Correlation matrix of different parameters of intense TCs over BoB.

Figure 10 shows the variations of SLHF and central pressure for nine different TCs in the categories of SuCS, ESCS, and VSCS, respectively. It is seen that when central pressure is minimum (976.3 mb) the SLHF is maximum, and when central pressure is maximum (1000.6 mb) the SLHF is minimum.

Figure 10
figure 10

Pictorial example of variations of SLHF with central pressure for nine different intense TCs over BoB.

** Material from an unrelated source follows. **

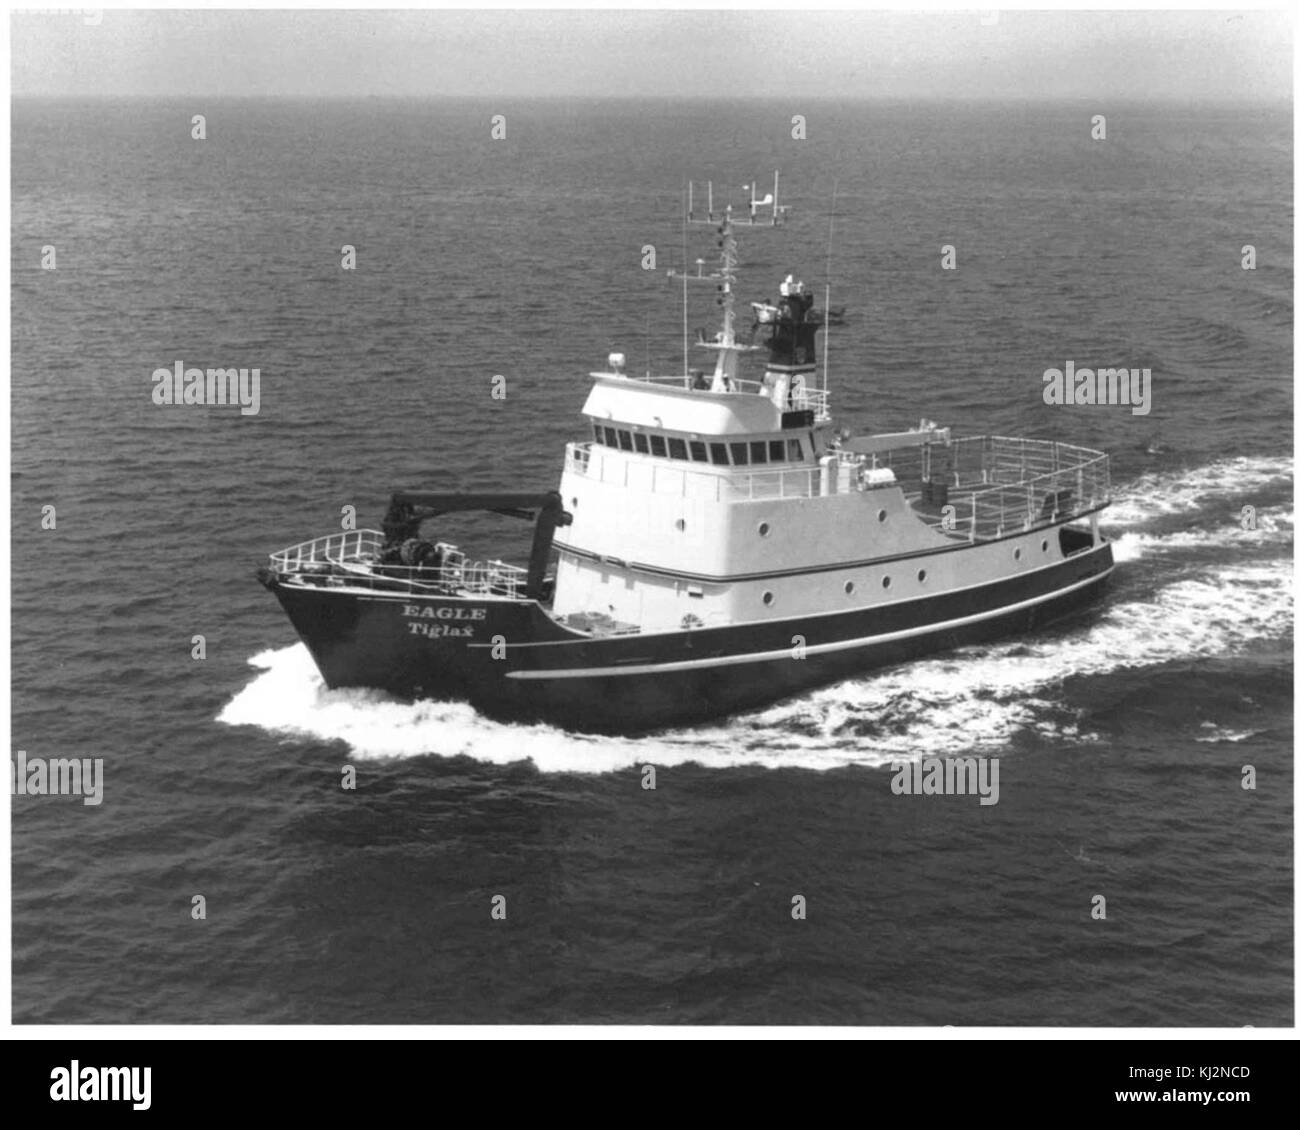 La nave di ricerca barca fotografia vintage Foto Stock

Figure 11 shows the composite mean of SLHFs during the lifetime of all TCs during the study period. In this figure, we have also overlaid the genesis locations of intense TCs on the composite mean of SLHFs. It is found that SLHF is the maximum in the regions 8–14°N and 88–94°E, which is also the location where the maximum number of the genesis of intense TCs occurs.

Figure 11
figure 11

Composite mean of surface latent heat flux for all the intense cyclones during the period 1990–2019.

4 Conclusions

From the analysis of section 3, it is clear that the maximum number of intense TCs in the BoB form in the post-monsoon season and particularly in November. Almost 60% of these intense TCs originate in the region 8°–14°N and 88°–94°E. The composite mean of SLHF shows that the locations of higher SLHF coincide with the maximum number of genesis locations. Therefore, it can be considered an essential parameter for the genesis of TCs. The SLHF has higher values in the pre-monsoon season compared to the post-monsoon season. Almost 65% of these TCs have SLHF values between 800 and 1400 KJ m–2. Out of all the parameters like SST, SLHF, MI, MRH, VWS, and 200 hPa divergence, SLHF is mostly correlated with the central pressure/max wind of intense TCs. The increase and decrease of SLHF correspond to the increase and decrease in TCs intensity. The highest SLHF corresponds to the lowest central pressure (highest wind speed) and vice versa. Thus, SLHF is the most important among the parameters discussed above for TCs intensification.